The individual responses are passed through a model that generates a report of about thirty pages that surrounds a Balance Sheet and a G&L statement.  Each line item is scored in numeric and, for simplicity, in alpha terms.  Each line item is then expanded with definitions and expressed in ways that essentially elicit statements of corrective action when that is needed.
Changing the Operating Dynamic

Once detailed measures are available, the elephant becomes visible in all its parts.  An investor, like Harry, looking at this can really see what he is buying, and what he should pay.

But it is also simple to change those parts, to transform the company’s Will to Compete.  As the component forces are entirely within the control of management, changing those costs virtually nothing.  When you think of the bottom line improvements that are possible, the ROI’s can be extraordinary.

All that is needed is for the investor to call on the management team to confront the data.  And for each line item deemed negative or inadequate, get commitments to specific action steps to correct or improve them.  In our work, we enter these commitments on line, real time, directly into the report, with names and due dates.  In the course of a few hours, the report becomes the plan of transformation.

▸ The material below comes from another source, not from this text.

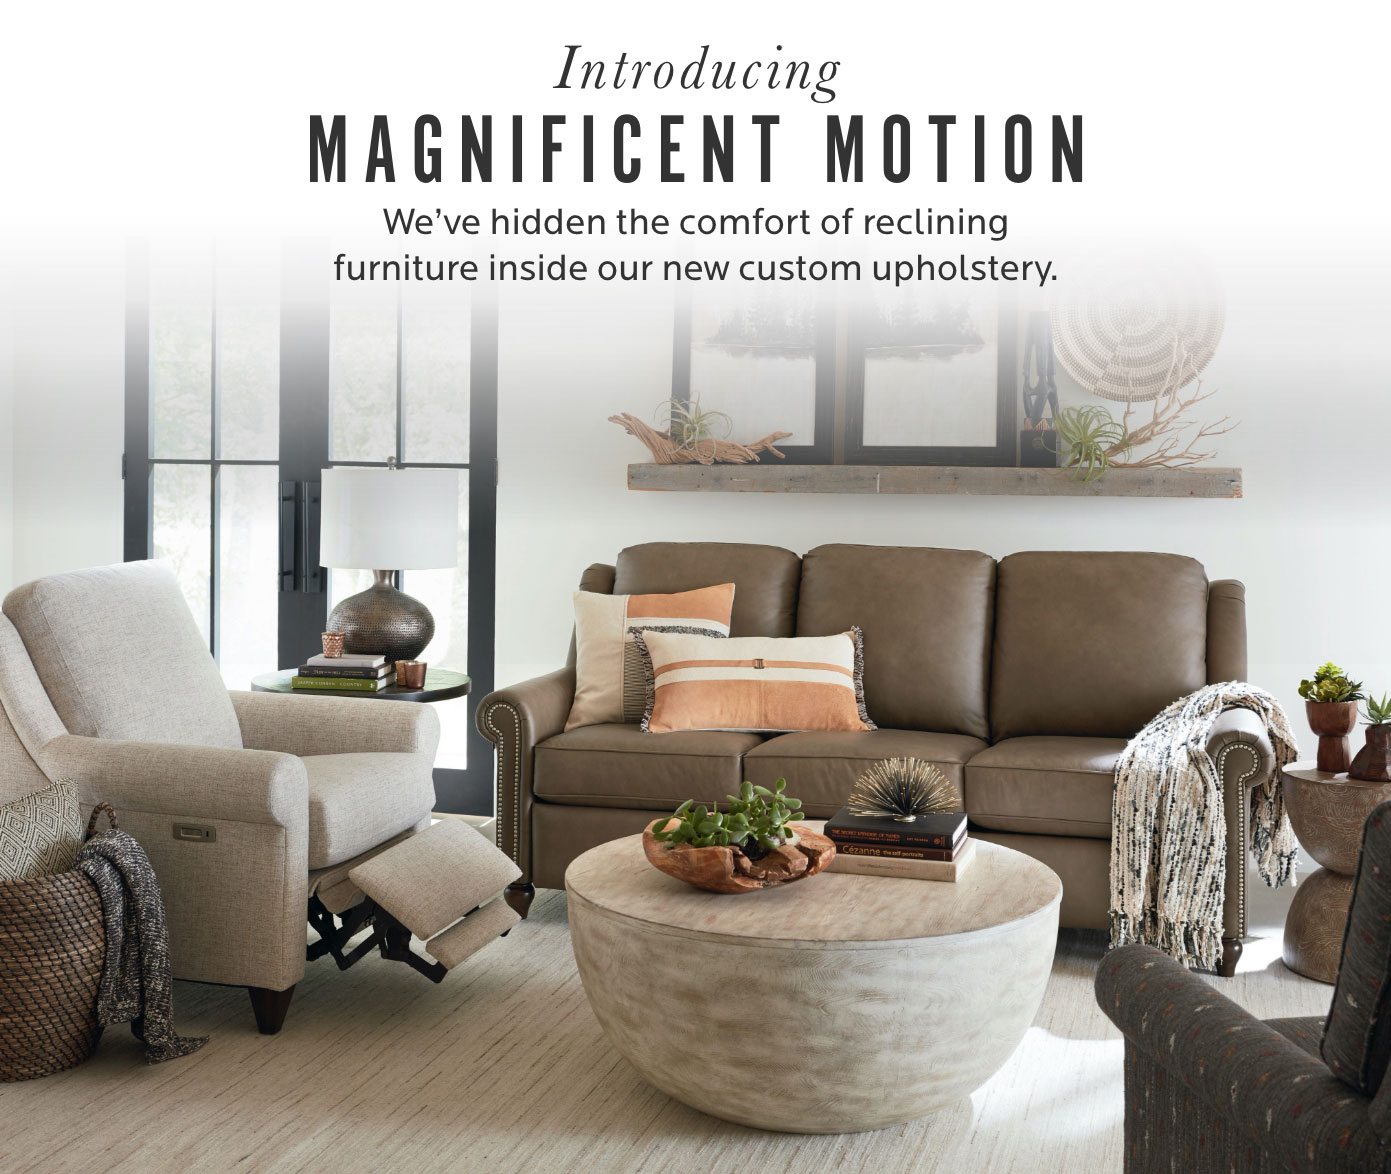 Introducing Magnificent Motion. We've hidden the comfort of reclining furniture inside our new custom upholstery.

While we are speaking here about a single intervention, the process described above can and should be done periodically.   The McKinsey/LSE study indicates that a 20% improvement generates a 40% improvement in financial returns.  And that this is available to high performing companies as well as troubled.  H R could manage the survey, the CFO or the model could generate the report, and the CEO could lead the planning session.

An interesting exercise for senior managers is to ask what (even) a 10% improvement in profits would do for their company.  And what they would have to do to get it.

Harry was looking again at the numbers.

He placed the financial statements on the table.  The company was profitable, at least it was last month.  Next to them he placed the Balance Sheet and G&L for the Operating Dynamic.  He could immediately see it was deficient in three specific areas: Performance Management, Accountability, and Corporate Decisiveness.  These could have been caused merely by the act of being up for sale – but they did exist.  However, they were enough to guarantee the acquisition would fail – unless they were changed.

That was the bad news.

The good news was Harry could confront the seller with that information and reduce his expectations.  However, Harry could also see precisely what to do to improve things and who would do it; that it could be done quickly; and that it would cost virtually nothing except Harry’s determination to do it.

It was time to make an offer.  And it was time to create a new beginning.